Vladimir Kovačić

Personal information
- Full name: Vladimir Kovačić
- Date of birth: 6 March 1950
- Place of birth: Zagreb, Croatia, Yugoslavia
- Position: Goalkeeper

Senior career*
- Years: Team / Apps / (Gls)
- 1967–1974: Dinamo Zagreb
- 1974–1977: Hamburger SV / 6 / (0)
- 1977–1980: Wuppertaler SV / 94 / (0)

= Vladimir Kovačić =

Croatian footballer (born 1950)

Vladimir Kovačić (born 6 March 1950) is a retired Croatian footballer. He primarily played for Dinamo Zagreb within the Yugoslav First League as well as for Hamburger SV and Wuppertaler SV within the Bundesliga and 2. Bundesliga throughout the 1970s.

==Career==
Kovačić began his senior career at Dinamo Zagreb in the 1967–68 Yugoslav First League. However, he was overshadowed by Bosnian goalkeeper Fahrija Dautbegović for a long time whom he only had to replace occasionally as Dautbegović was firmly within the Starting XI of the club. Throughout his time in Croatia, he was also goalkeeper of NK Zagreb at some point. In 1974, he moved to the Bundesliga to play for Hamburger SV to act as second goalkeeper behind Rudi Kargus, becoming the first Croatian to play for the club. After making his debut in the top flight of German football for the 1974–75 season in the 4–0 away win against Wuppertaler SV in April 1975, he had to wait until January 1977 in a 4–4 draw against Borussia Dortmund before he was allowed to play again for when Kargus was injured, only making six appearances in total. As a substitute, he supported the team in their victory at the 1975–76 DFB-Pokal and at the following 1976–77 European Cup Winners' Cup which saw career highs for the club. Notably, during the 1976–77 season, on 5 February 1977, he was the goalkeeper in a 5–3 thrashing against Rot-Weiss Essen that would lead to their relegation that season.

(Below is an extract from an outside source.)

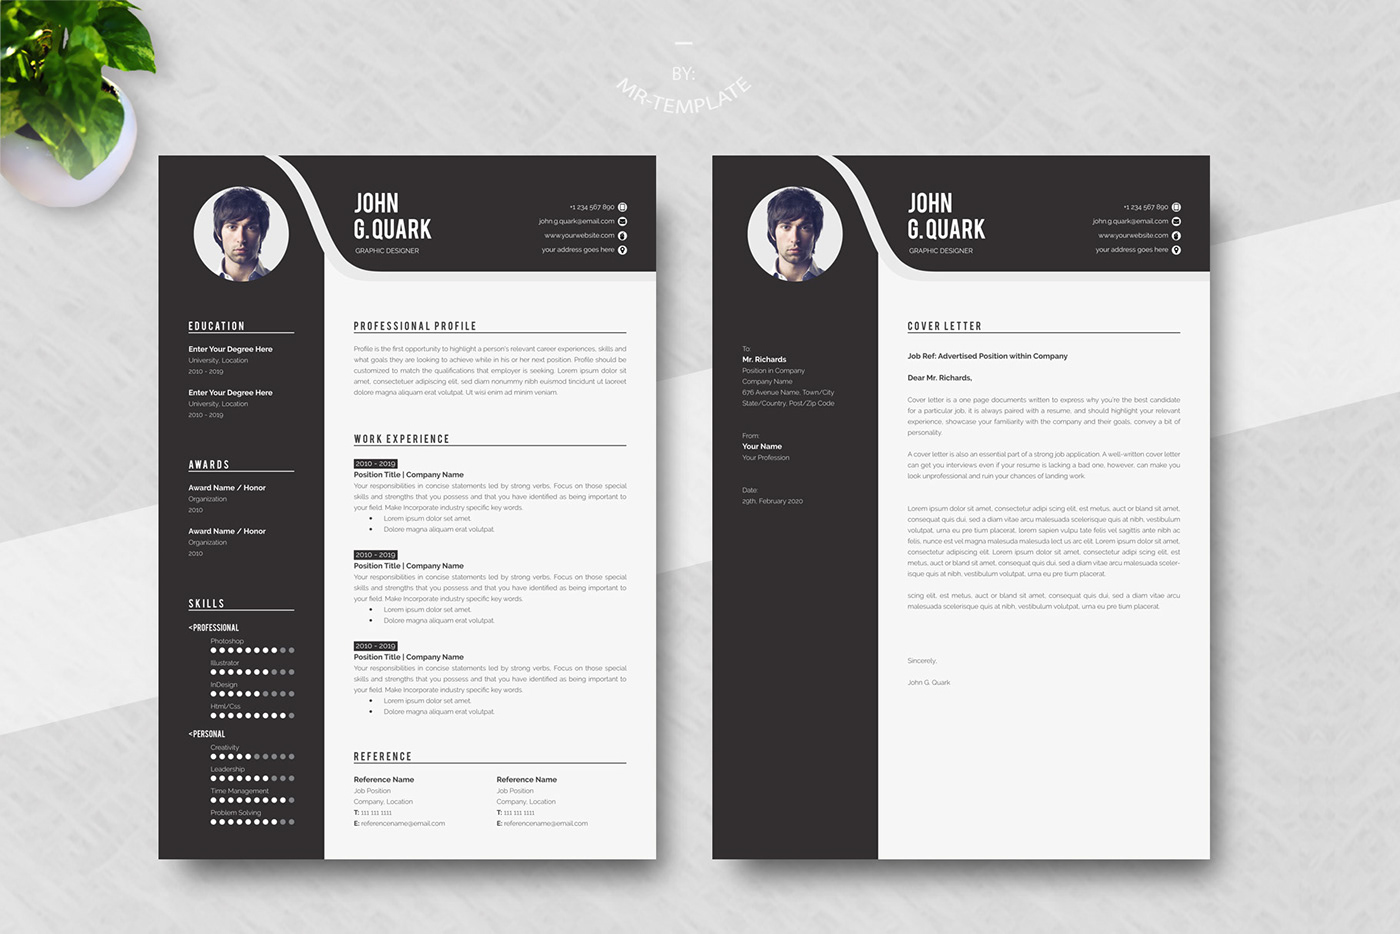 clean resume CV Download CV Free Resume Icon Minimal Resume one page resume PROFESSIONAL RESUME Resume resume design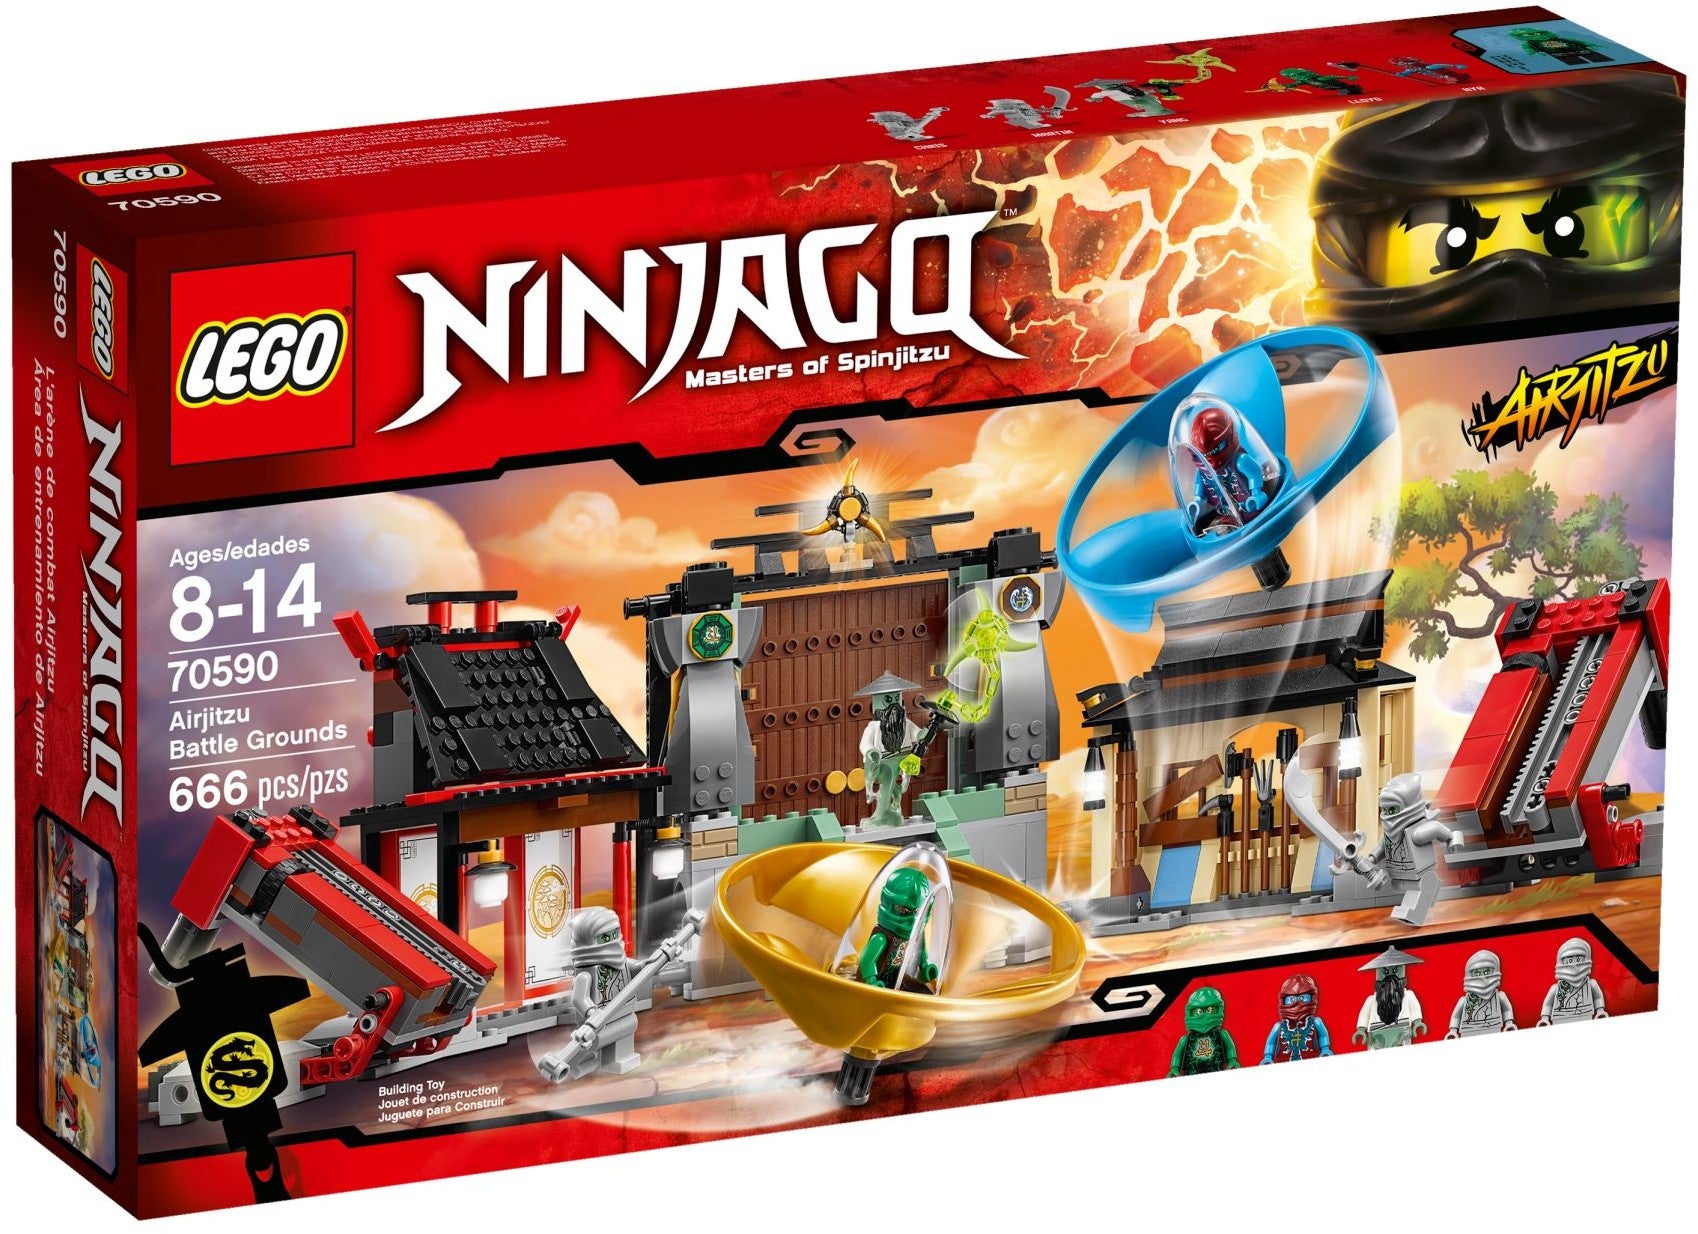 Lego Ninjago 70590 - Airjitzu Battle Grounds

In 1977, Kovačić accepted an offer from Wuppertaler SV, which had been relegated to the 2. Bundesliga since 1974. Within the club, he replaced Fritz Stefens within the Starting XI and established himself as the regular goalkeeper. After narrowly missing out on promotion last year as third in the table, he only achieved a midfield place in the North Division with the team centering around Bernhard Hermes, Helmut Lausen and Günter Pröpper. As a result, the club slipped further, and at the end of the 1979–80 season, Die Löwen were relegated to the Oberliga West as the bottom of the table with Kovačić retiring from the club.